Deep Visual-Semantic Quantization of Efficient Image Retrieval CVPR 2017
Code: https://github.com/caoyue10/cvpr17-dvsq/blob/master/util.py#L155-L178
def get_mAPs_by_feature(self, database, query):
ips = np.dot(query.output, database.output.T)
#norms = np.sqrt(np.dot(np.reshape(np.sum(query.output ** 2, 1), [query.n_samples, 1]), np.reshape(np.sum(database.output ** 2, 1), [1, database.n_samples])))
#self.all_rel = ips / norms
self.all_rel = ips
ids = np.argsort(-self.all_rel, 1)
APx = []
query_labels = query.label
database_labels = database.label
print "#calc mAPs# calculating mAPs"
bar = ProgressBar(total=self.all_rel.shape[0])
for i in xrange(self.all_rel.shape[0]):
label = query_labels[i, :]
label[label == 0] = -1
idx = ids[i, :]
imatch = np.sum(database_labels[idx[0: self.R], :] == label, 1) > 0
rel = np.sum(imatch)
Lx = np.cumsum(imatch)
Px = Lx.astype(float) / np.arange(1, self.R+1, 1)
if rel != 0:
APx.append(np.sum(Px * imatch) / rel)
bar.move()
print "mAPs: ", np.mean(np.array(APx))
return np.mean(np.array(APx))
Where divider is rel, which is computed as np.sum(imatch), where imatch is a binary vector that indicates if the entry is relevant or not. The problem is that it takes only first R: imatch = np.sum(database_labels[idx[0: self.R], :] == label, 1) > 0. So np.sum(imatch) will give number of relevant entries in the returned list of size R, but not min(R, number of relevant entries). And note that values of R used in the paper are less than number of entries in DB.
Deep Learning of Binary Hash Codes for Fast Image Retrieval (CVPR 2015)
Code: https://github.com/kevinlin311tw/caffe-cvprw15/blob/master/analysis/precision.m#L30-L55
buffer_yes = zeros(K,1);
buffer_total = zeros(K,1);
total_relevant = 0;
for j = 1:K
retrieval_label = trn_label(y2(j));
if (query_label==retrieval_label)
buffer_yes(j,1) = 1;
total_relevant = total_relevant + 1;
end
buffer_total(j,1) = 1;
end
% compute precision
P = cumsum(buffer_yes) ./ Ns';
if (sum(buffer_yes) == 0)
AP(i) = 0;
else
AP(i) = sum(P.*buffer_yes) / sum(buffer_yes);
end
Here the divider is sum(buffer_yes) which is number of the relative documents in the returned list of size k, not min(k, number of relevant documents).
"Supervised Learning of Semantics-Preserving Deep Hashing" (TPAMI 2017)
Code: https://github.com/kevinlin311tw/Caffe-DeepBinaryCode/blob/master/analysis/precision.m
Code is the same as in the previouse paper.

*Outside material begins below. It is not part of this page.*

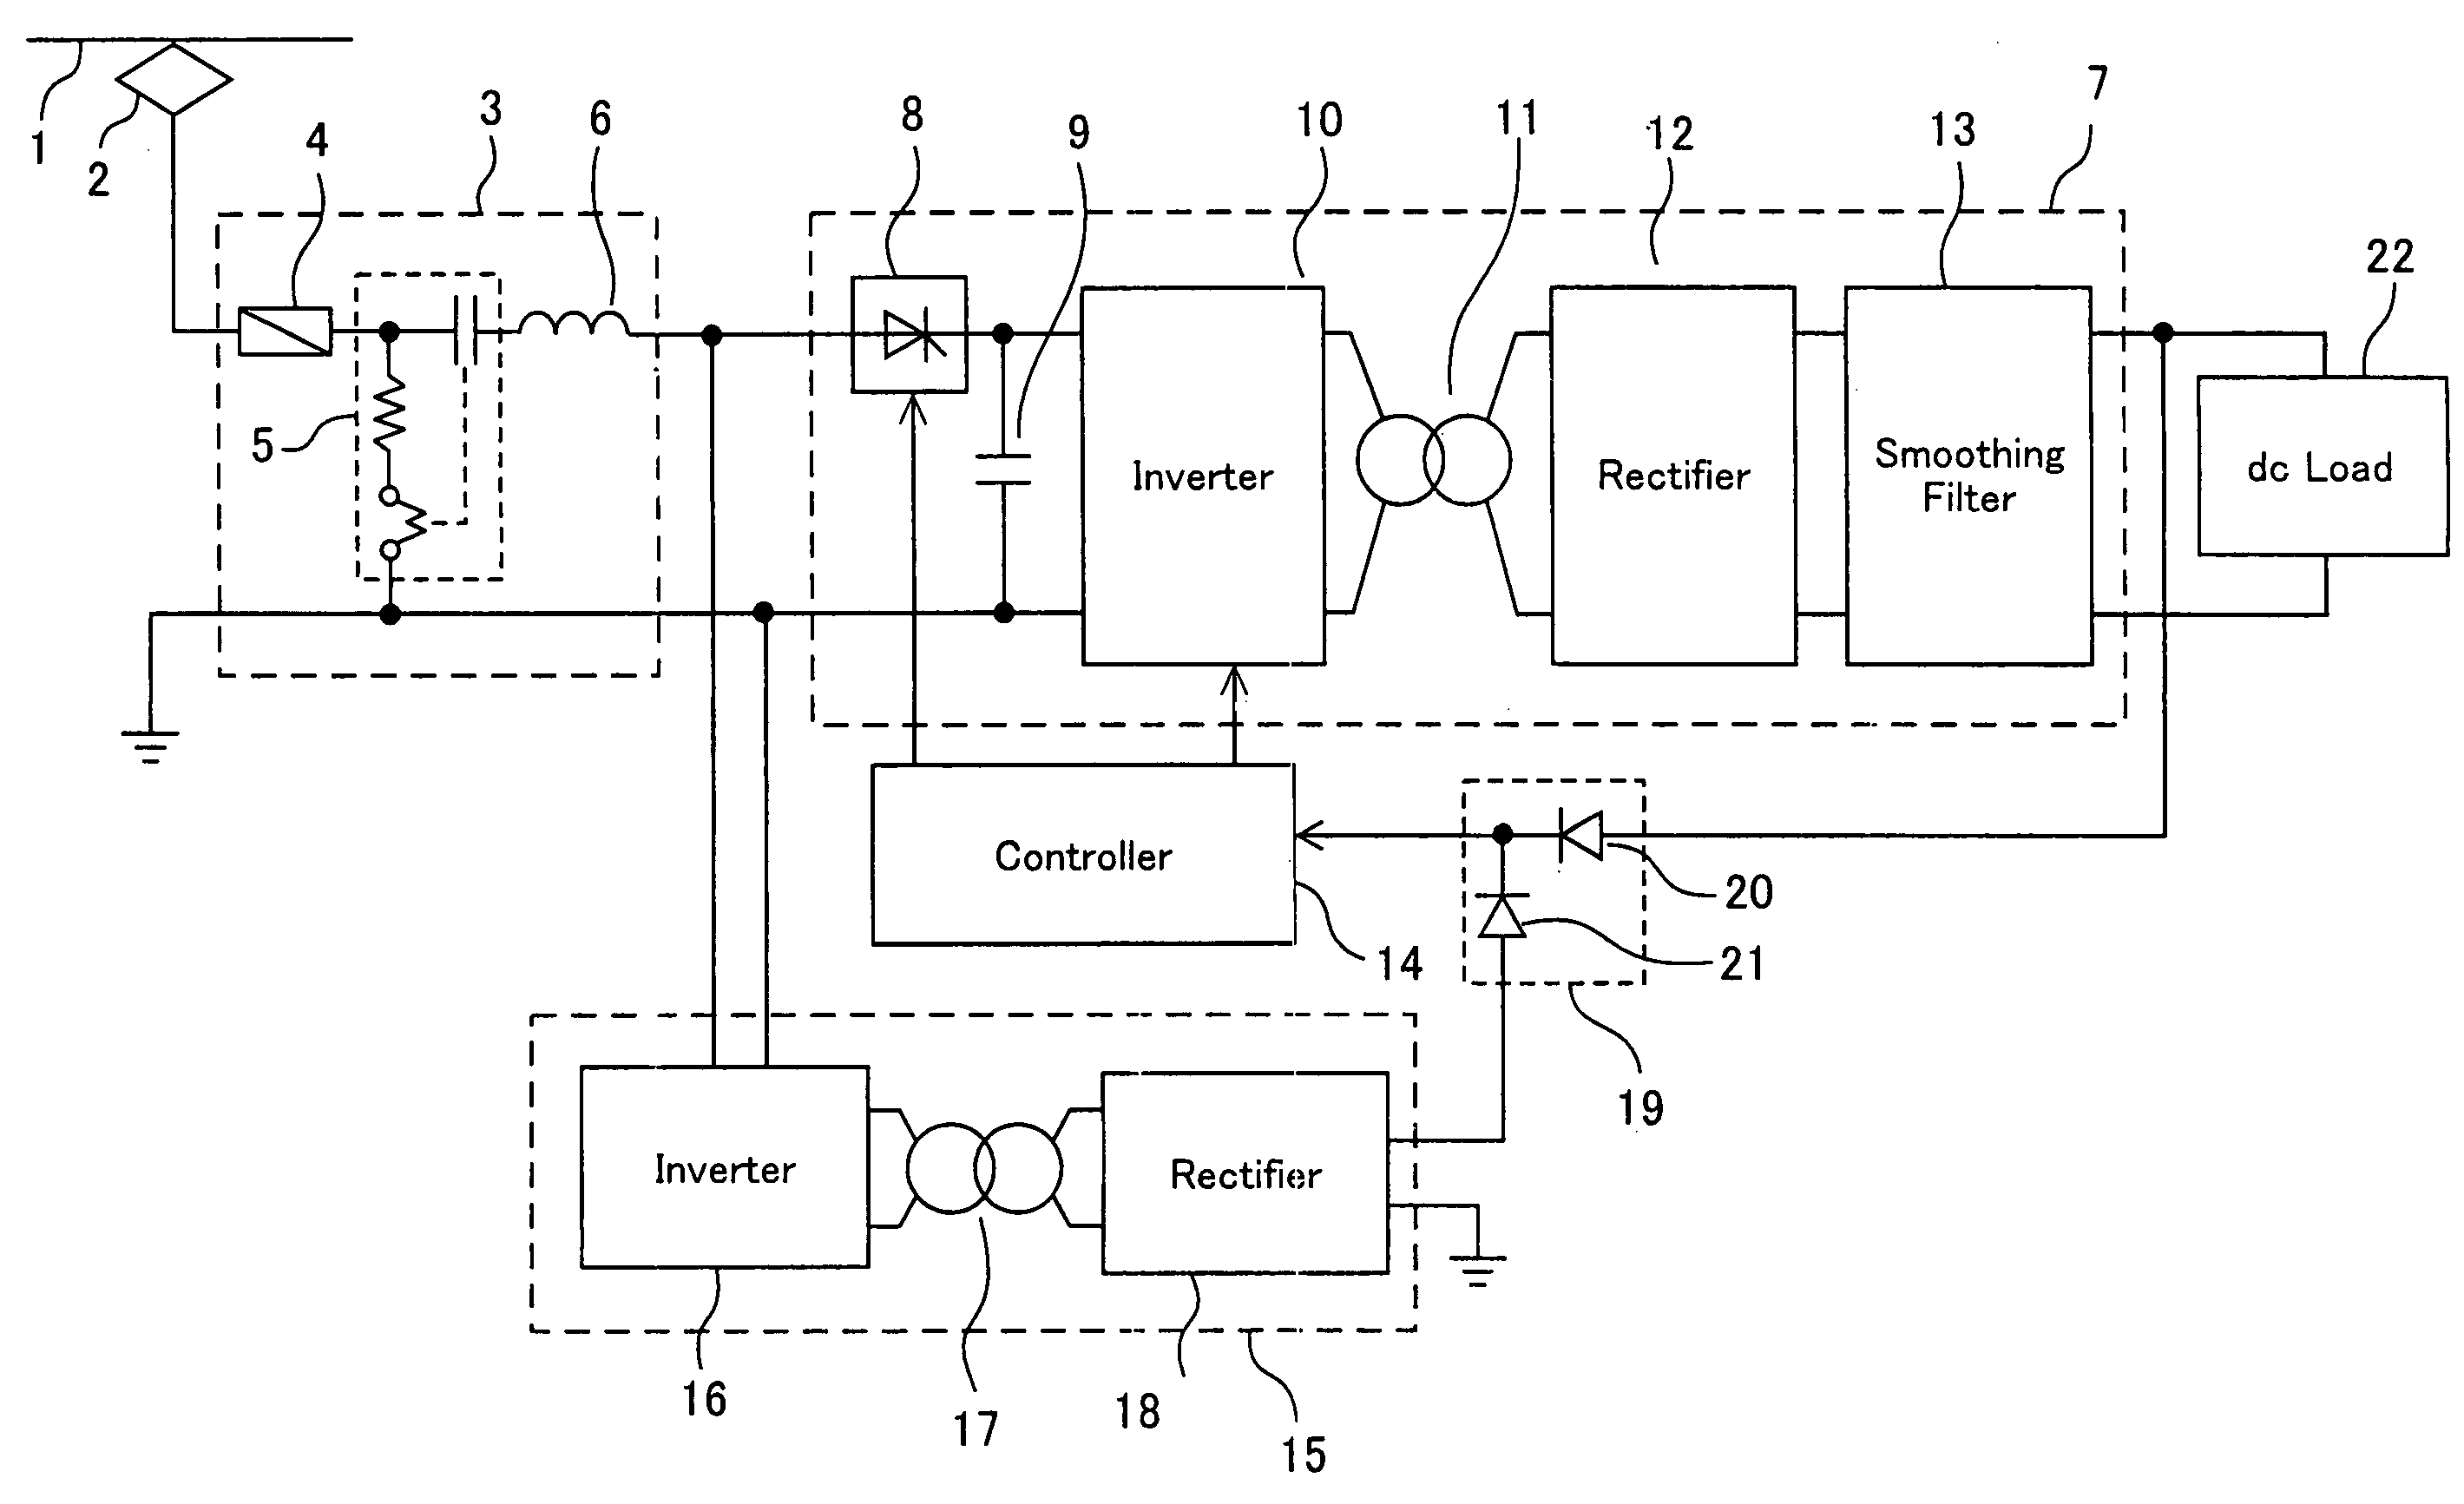 Vehicle auxiliary electric-power-supplying system

Learning Compact Binary Descriptors with Unsupervised Deep Neural Networks (CVPR 2016)
Same code: https://github.com/kevinlin311tw/cvpr16-deepbit/blob/master/analysis/precision.m#L32-L55
Am I missing something? Is the code in the papers above correct? Why it does not coincide with https://github.com/benhamner/Metrics/blob/master/Python/ml_metrics/average_precision.py#L25-L39 ?
Update
I found this closed issue, referring the same problem: https://github.com/thuml/HashNet/issues/2
Is claim the following claim correct?
AP is a ranking metric. If the top 2 retrievals in the ranked list are relevant (and only the top 2), AP is 100%. You're talking about Recall, which in this case is indeed 0.2%.

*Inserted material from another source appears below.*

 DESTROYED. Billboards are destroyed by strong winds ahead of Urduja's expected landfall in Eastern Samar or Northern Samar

From my understanding, if we treat AP as area under PR curve, the claim above is not correct.
P.S. I was in doubt if this should go to Cross Validated or to StackOverflow. If you think that it is better to place it to Cross Validated I don't mind. My reasoning was that it is not a theoretical question, but implementation one with reference to actual code.